23/02/2005 - 10:00
Para um espectador desavisado, as cenas mostradas pelos telejornais da terça-feira 15 e da quarta-feira 16 poderiam ser confundidas com as sangrentas, porém corriqueiras, batalhas noturnas que acontecem em Basra, Karbala ou nas cercanias de Bagdá, no Iraque. Da tela escura, iluminada pelo clarão ritmado dos tiros e pelas barricadas em chamas, vinha o som dos gritos, dos disparos e das bombas de gás lacrimogêneo. O ruído do caos típico das batalhas entre soldados americanos e insurgentes iraquianos. Mas a descrição do locutor identificava aquele teatro de operações como sendo aqui mesmo no Brasil. Mais precisamente em Goiânia.
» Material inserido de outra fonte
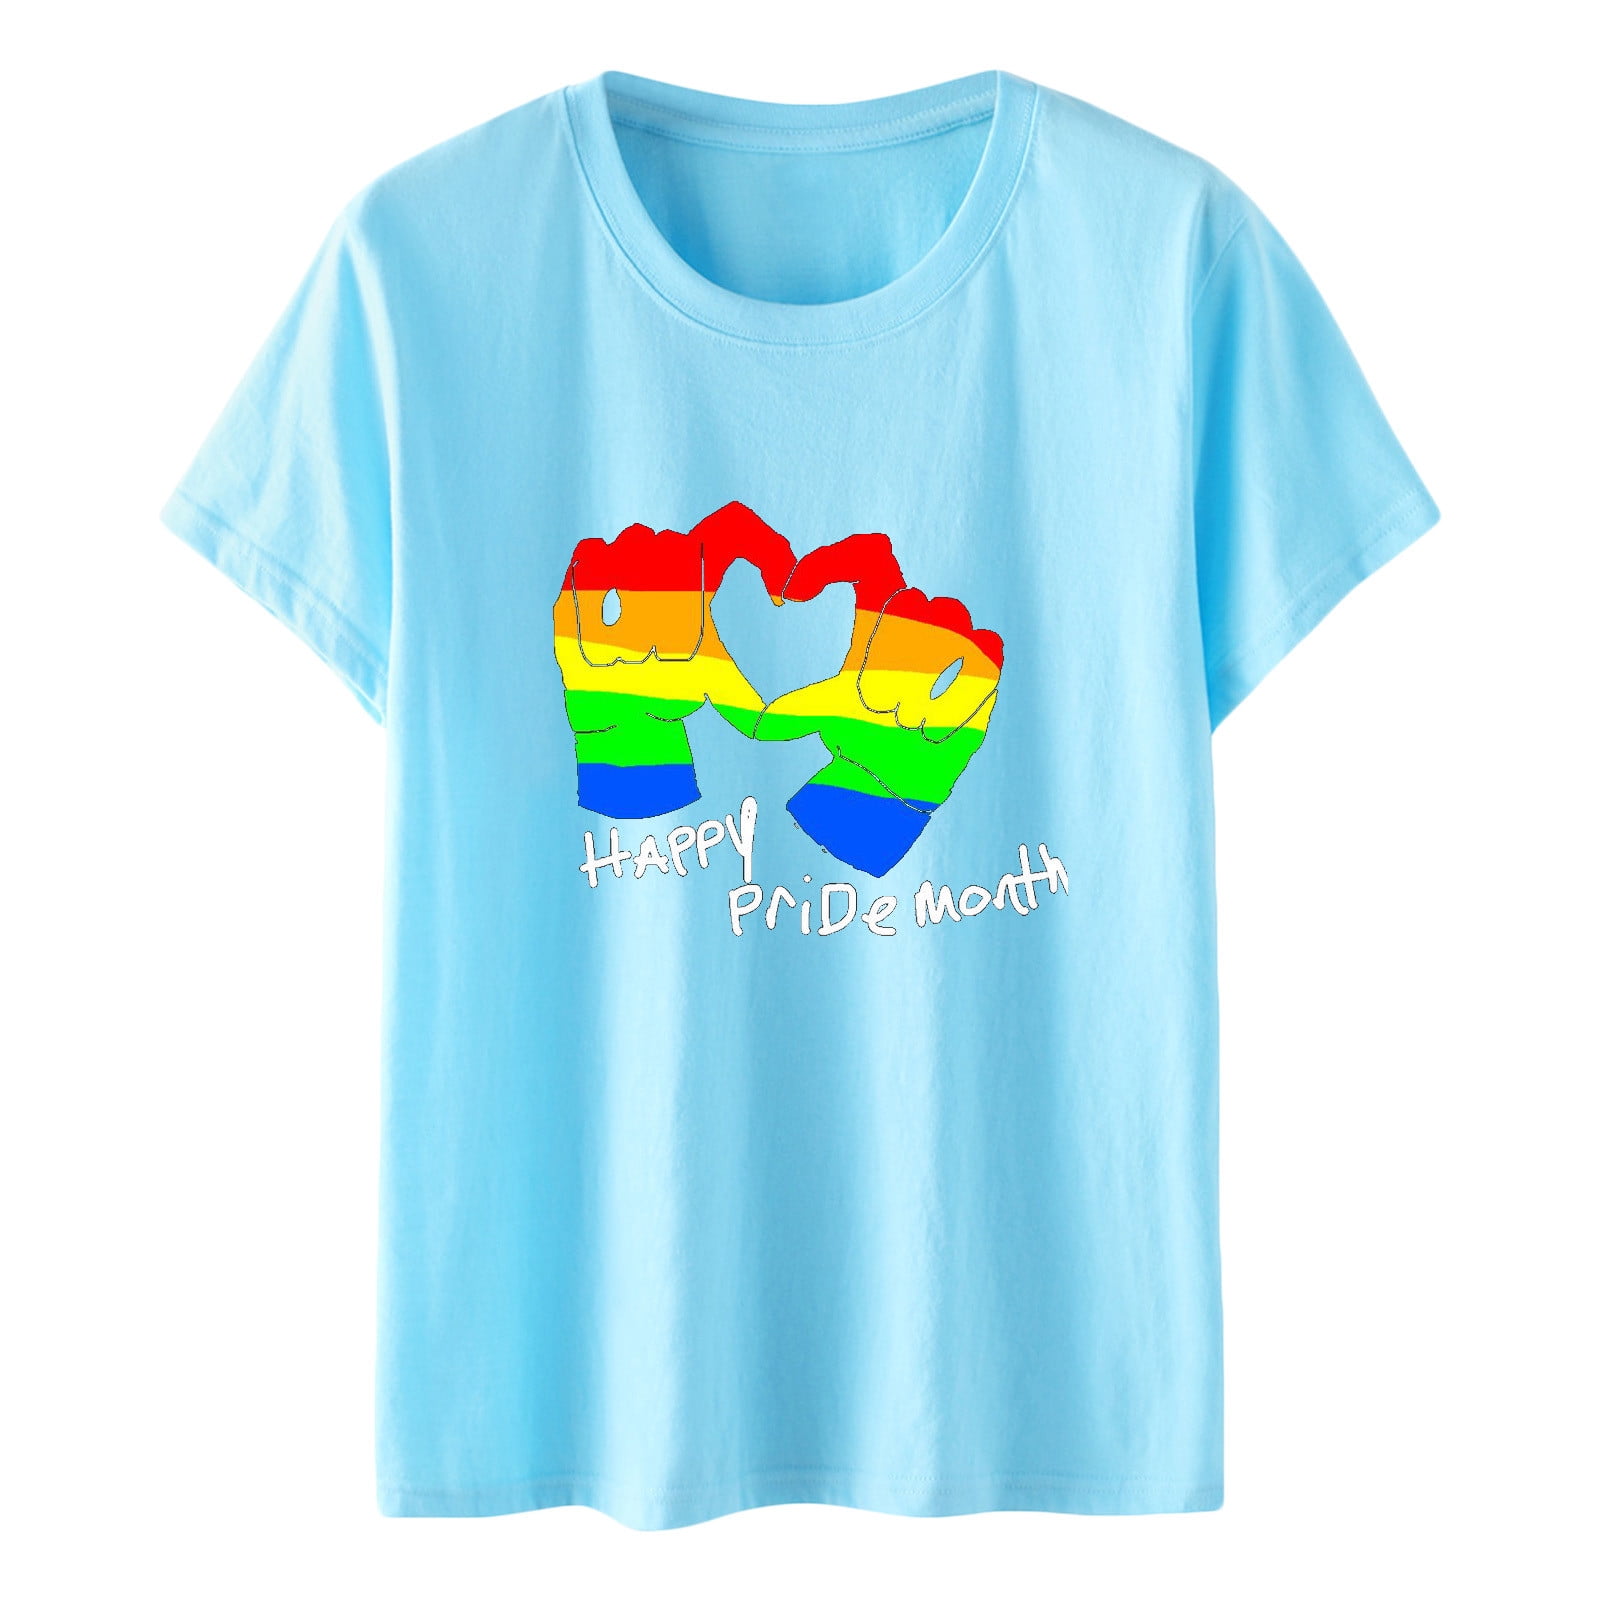 Official MLB Pride Collection Gear, MLB Pride, Rainbow Tees, Apparel

Os soldados não eram americanos, e sim dois mil homens da Polícia Militar goiana, e os insurgentes não eram iraquianos, mas cerca de quatro mil famílias de brasileiros – os chamados sem-teto –, que haviam invadido e ocupado uma área de 968 mil metros quadrados. Do lado da PM, a operação de guerra para desalojar os sem-teto levou o nome de Operação Triunfo. O terreno ocupado tinha sido batizado pelos sem-teto de Sonho Real. O preço do triunfo sobre o sonho real foram dois mortos e dezenas de feridos no lado dos sem-teto e quatro feridos, alguns deles à bala, no lado dos PMs.
O evento acima relatado é apenas mais uma das recentes provas de que a questão da terra e sua posse no Brasil está longe de ter uma solução. O bárbaro assassinato de Dorothy Stang, a freira americana de 73 anos, naturalizada brasileira, é outra. E muito mais veemente. Sua morte a tiros traz de novo à baila, de maneira muito mais drástica, a secular incompetência governamental para lidar com a questão agrária. Movido pela indignação nacional, internacional e – assim acreditamos – por sua própria, o atual governo deslocou o Exército para a região.
Mas a indignação só não basta. É preciso atitudes concretas para apaziguar posseiros, madeireiros, proprietários de terras, membros do MST e dos sem-teto. Para isso é necessário não só vontade política como também muita energia. O que não se pode mais é conviver com a paralisia e a impunidade que tornaram o conflito de terras no Brasil sangrento e corriqueiro como batalhas no Oriente Médio.